Does he still wage that same battle?
But then, she was there, putting her hand over his, and he could feel the warmth of her body, could taste her breath. It was sweet, and lovely just like she was. And when she pressed her soft mouth to his, he allowed that warmth, that need, that desire to spread through his entire body. This was real. Everything else... It could wait. Everything else... It didn’t matter. No. How could it? This time out from his real life felt like the most consequential thing he had ever experienced. He could not explain it. He would not try.
Instead, he just let her kiss him. Instead he just pulled her onto his lap, and saw his way into her beauty with his fingertips. Moving them over her soft face, down her back. He pulled her shirt up over her head, and then unhooked her bra with deft skill. He stripped her bare and learned her every curve. He moved his hands down her hips, and then pushed one between her legs, feeling how wet with need she was. That she could see him like this and still want him, that she could hear those pathetic stories from his childhood and still be like this...
He was grateful, and even that made him feel like less, but when her mouth rained kisses down upon his face, his neck, when she pulled his shirt up over his head, and continued down to kiss his chest, down his abs, he did not feel anything like pathetic. And yet at the same time this did not feel like a return to the man he had been. It did not feel like the real wakening of a playboy. It felt like something entirely new. Something he had not yet experienced before.
She slid off of his lap, and he could feel that she came to rest on the floor between his legs. Her hands moved to his belt, where she undid that, and the closure on his slacks. She pulled his pants down just slightly, freeing him. And then she leaned in, her mouth soft now on his shaft, her tongue making dark magic as she tasted him, as she took him into her mouth, sucked him deep.
He felt like pushing through the darkness inside him, and he wished... He wished that he could see her. Wished that he could see her with her head bent over his lap like this. Because he hadn’t seen Auggie enough time since he had truly begun to see her, in ways that his eyes could never have comprehended. And now that was lost to him.
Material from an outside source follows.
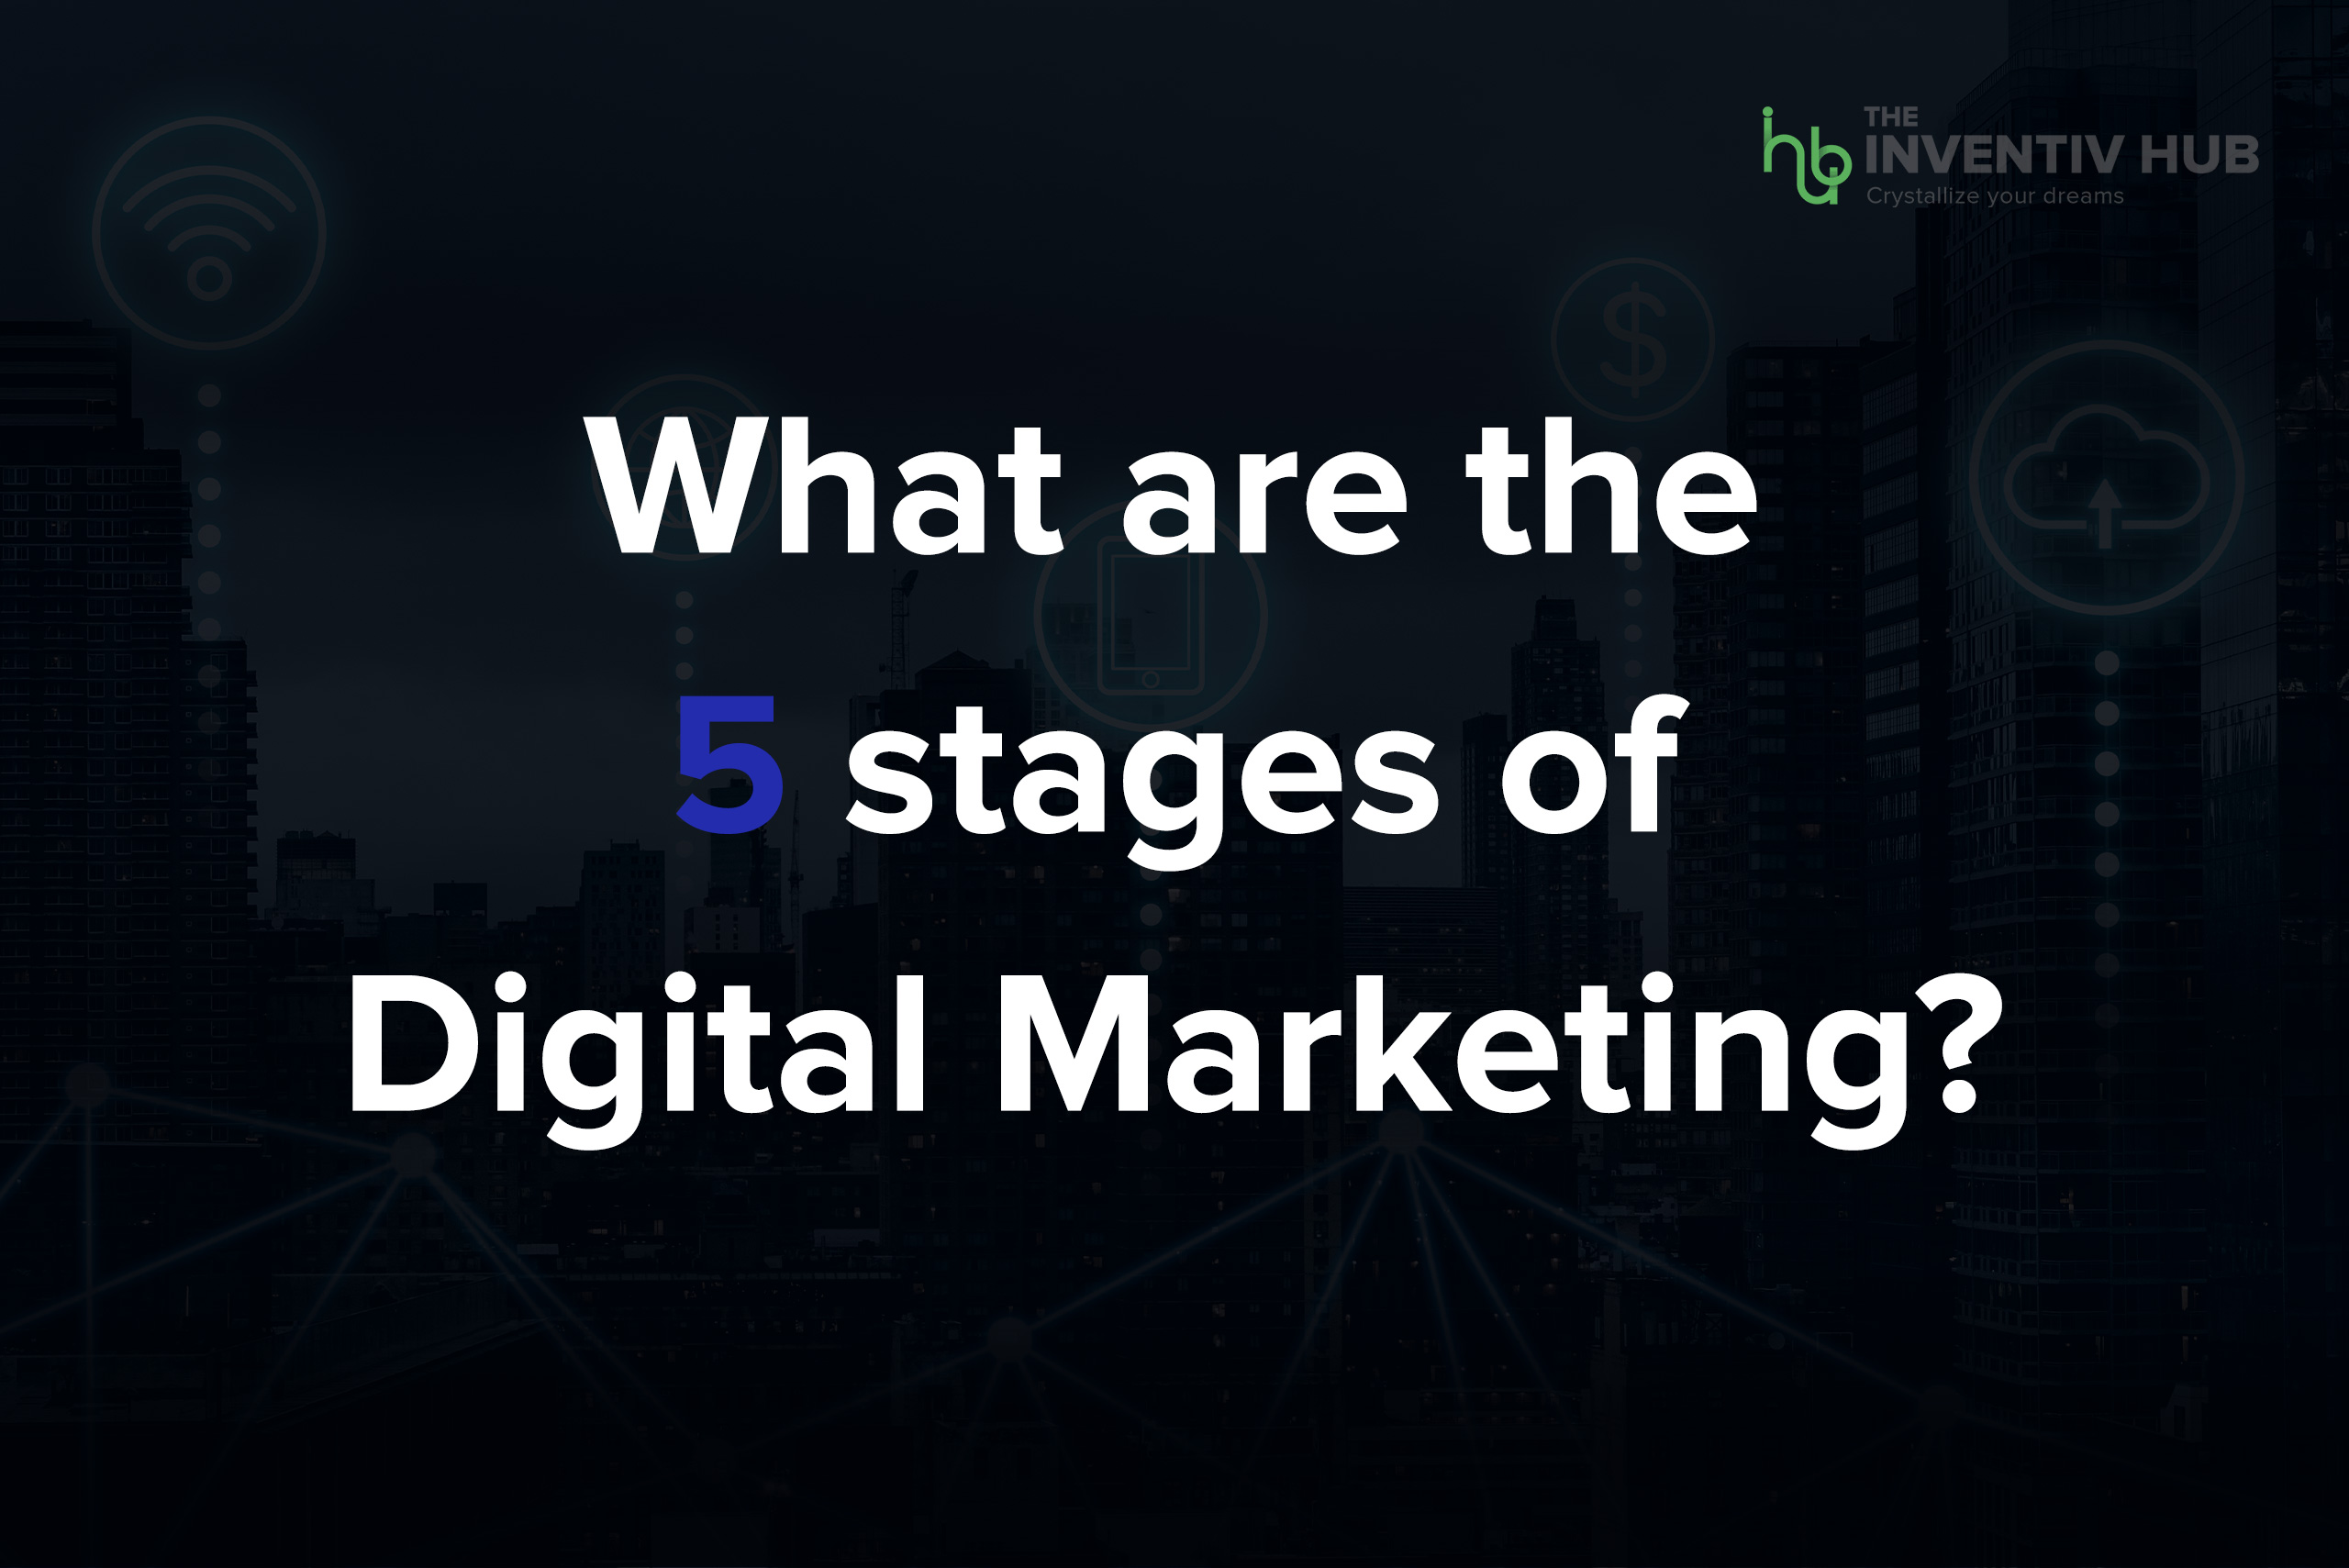 What are the 5 stages of digital marketing?

They had that night. That night when he had really understood, how beautiful she was, how singular she was. And all the times before that, he had been bringing women on his private jet, women who weren’t her. He had been satiating himself on bread and water when there was a feast on the other side of the door. Because as lovely as those women were, they had not fit him in this way. It wasn’t the same. There was something singular at work between himself and Auggie. He would’ve said that he was not capable of a singular connection. He would’ve said that he wasn’t capable of connection at all.
That it was lost on him, wasted on him.
He had learned to feel one thing. The driving desire for revenge, and it blotted out everything else, but with her he had found something more. It was not the loss of his sight that had heightened his senses. It was her.
Knowing her, talking to her, feeling for her. Wanting to know her, rather than simply wanting satisfaction for the death of his sister. And he wanted to resist it, but here and now he simply couldn’t. In the same way he couldn’t resist her.
He had decided that he would no longer feel helpless. That was the thing. He had decided that there would be no more invisible fences. He had taken his life and fashioned it into whatever he wished it to be. He had fashioned himself into an instrument of revenge. He was not at the mercy of anything anymore. Not of his feelings, not of the way he wanted another person, but right now he was.
And he wanted to believe that it was all right, that he could have it because they were here, and he couldn’t see. Because he was being forced to take a break from everything he was.
But it felt like something deeper than that. Felt like something more powerful.